------ Material provided ------

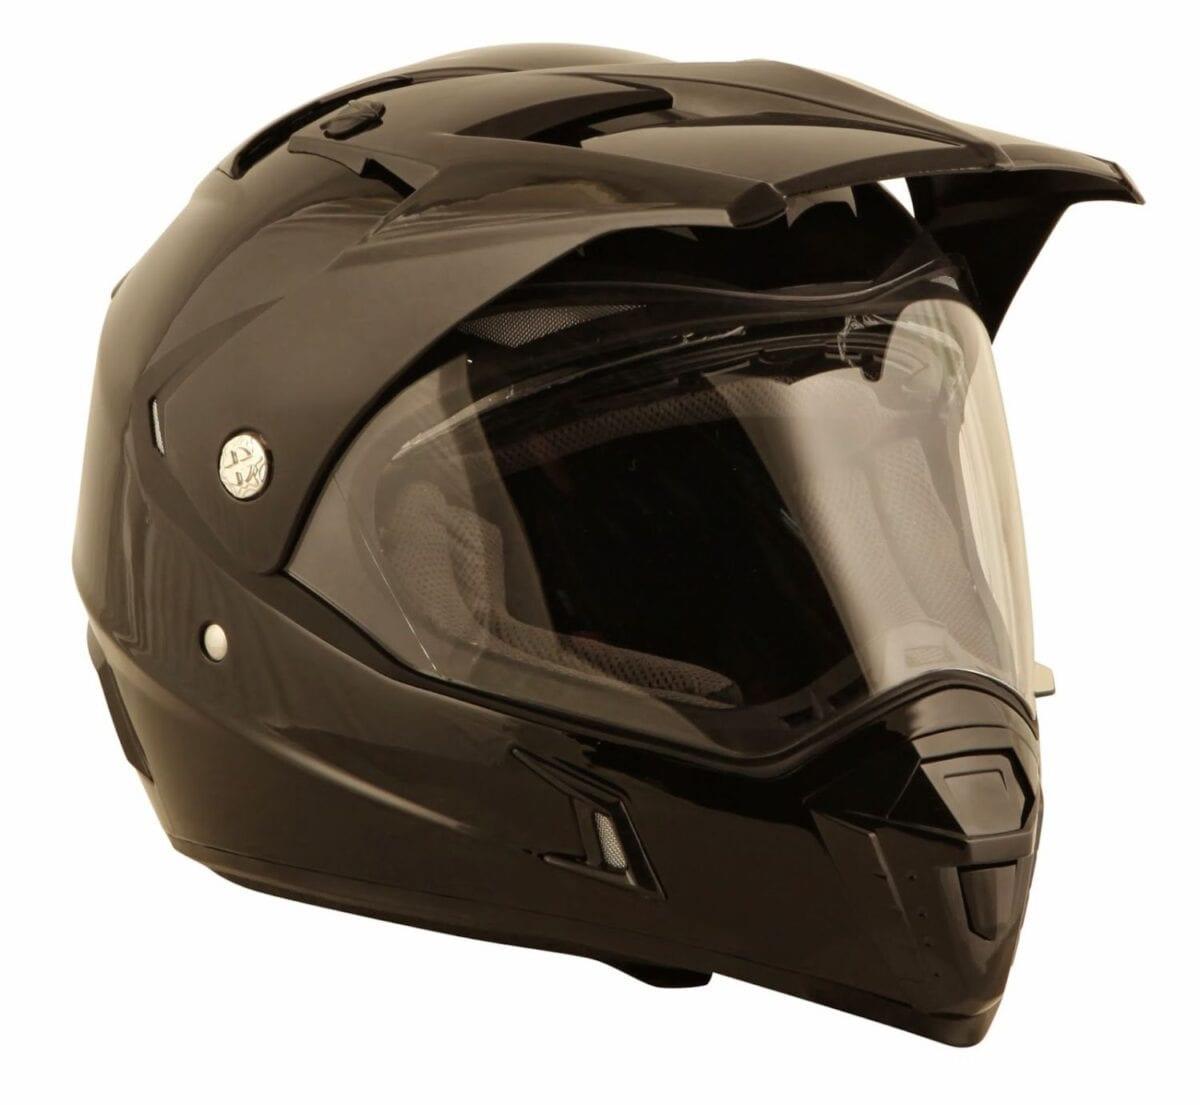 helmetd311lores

------
------ Material provided ------

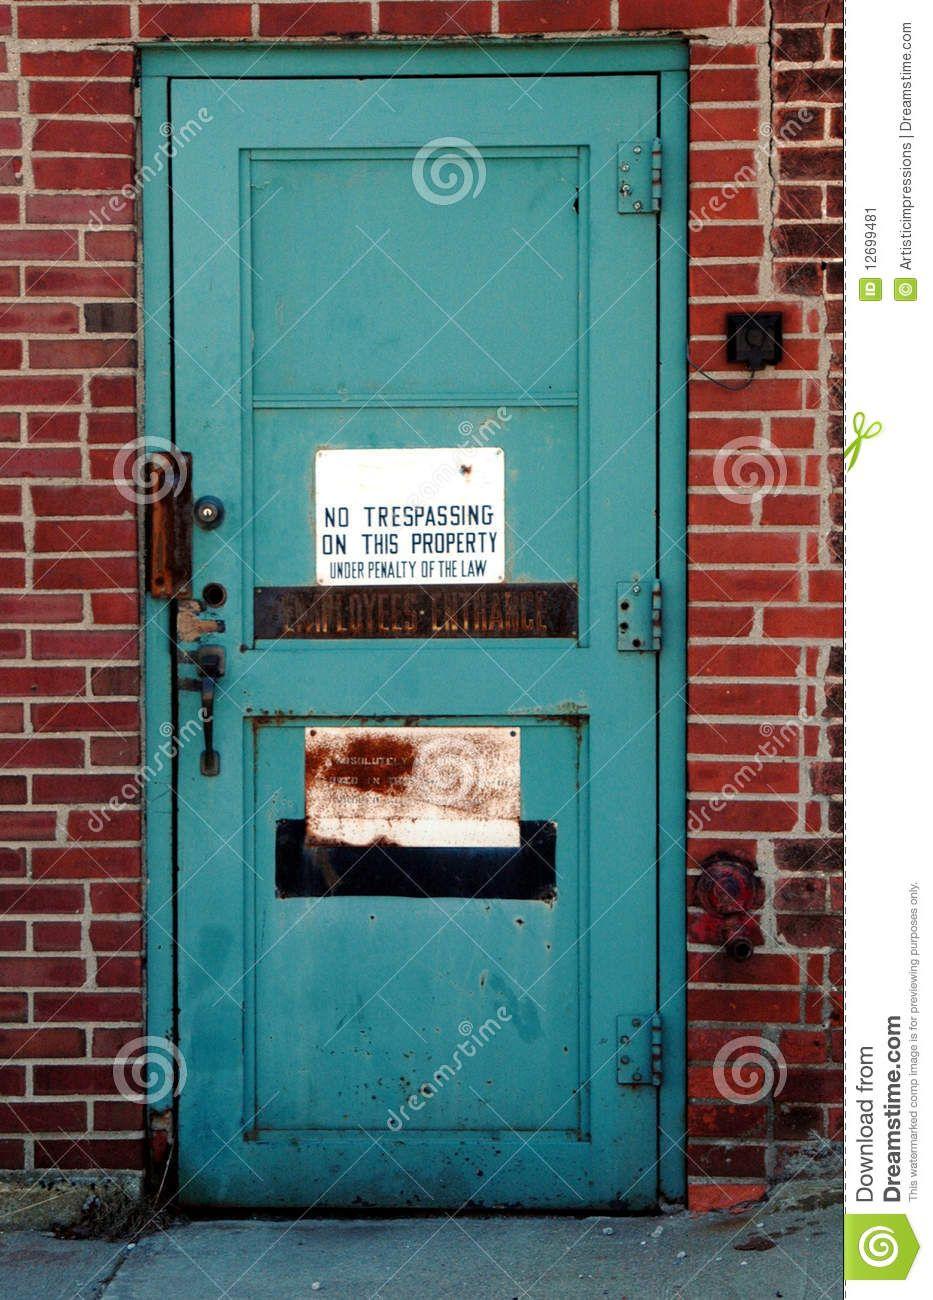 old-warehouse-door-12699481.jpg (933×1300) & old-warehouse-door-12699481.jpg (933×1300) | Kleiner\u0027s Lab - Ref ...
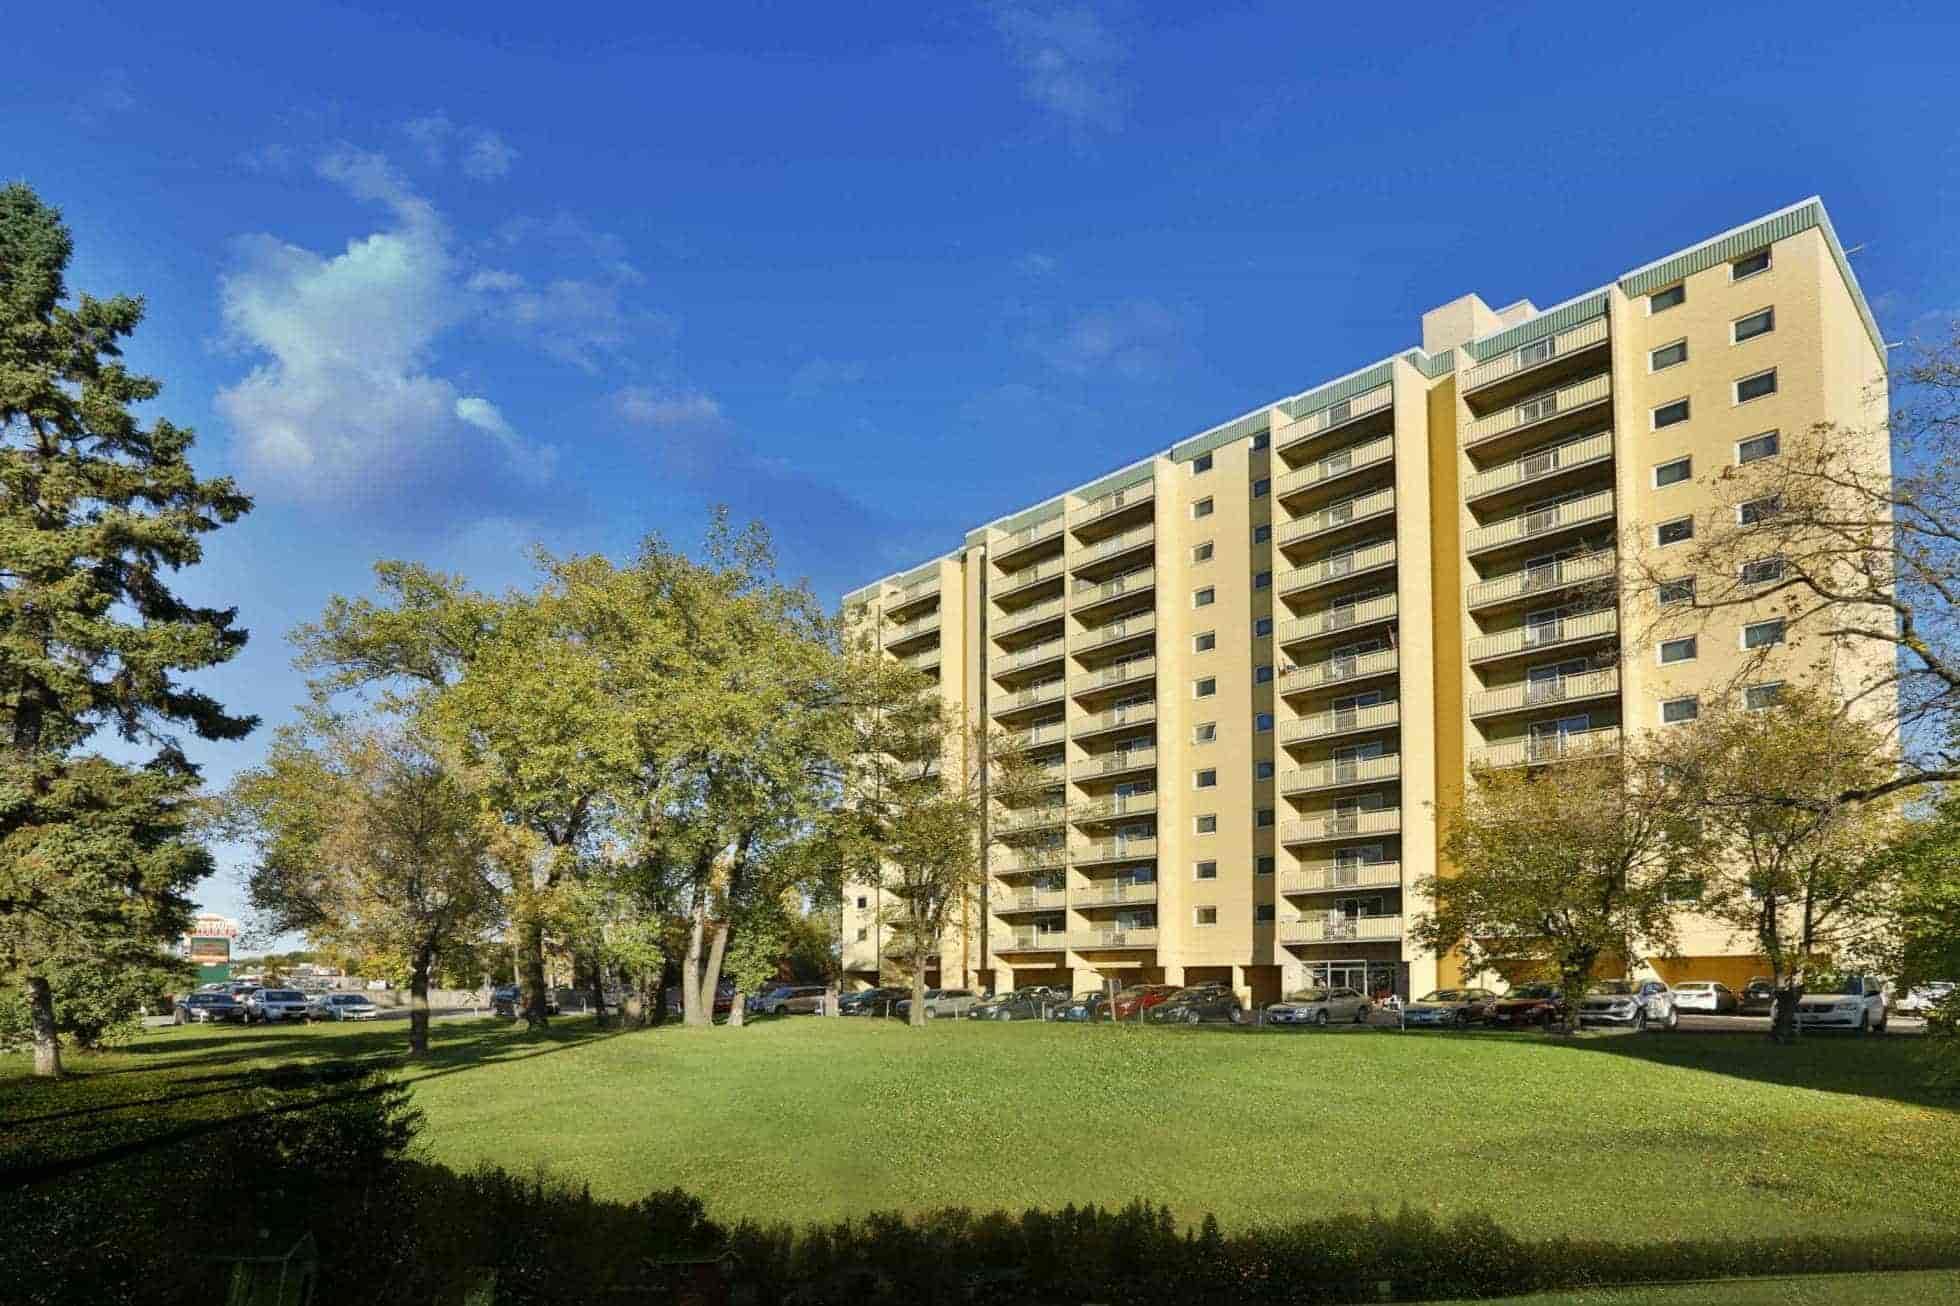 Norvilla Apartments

------

• **Aim of the task**: Your answer is the exact run of lines above from the one with "old-warehouse-door-12699481.jpg (933×1300) &" through the one with "Norvilla Apartments", both ends included, minus any picture.

• **Final answer**:
 old-warehouse-door-12699481.jpg (933×1300) & old-warehouse-door-12699481.jpg (933×1300) | Kleiner\u0027s Lab - Ref ...
 Norvilla Apartments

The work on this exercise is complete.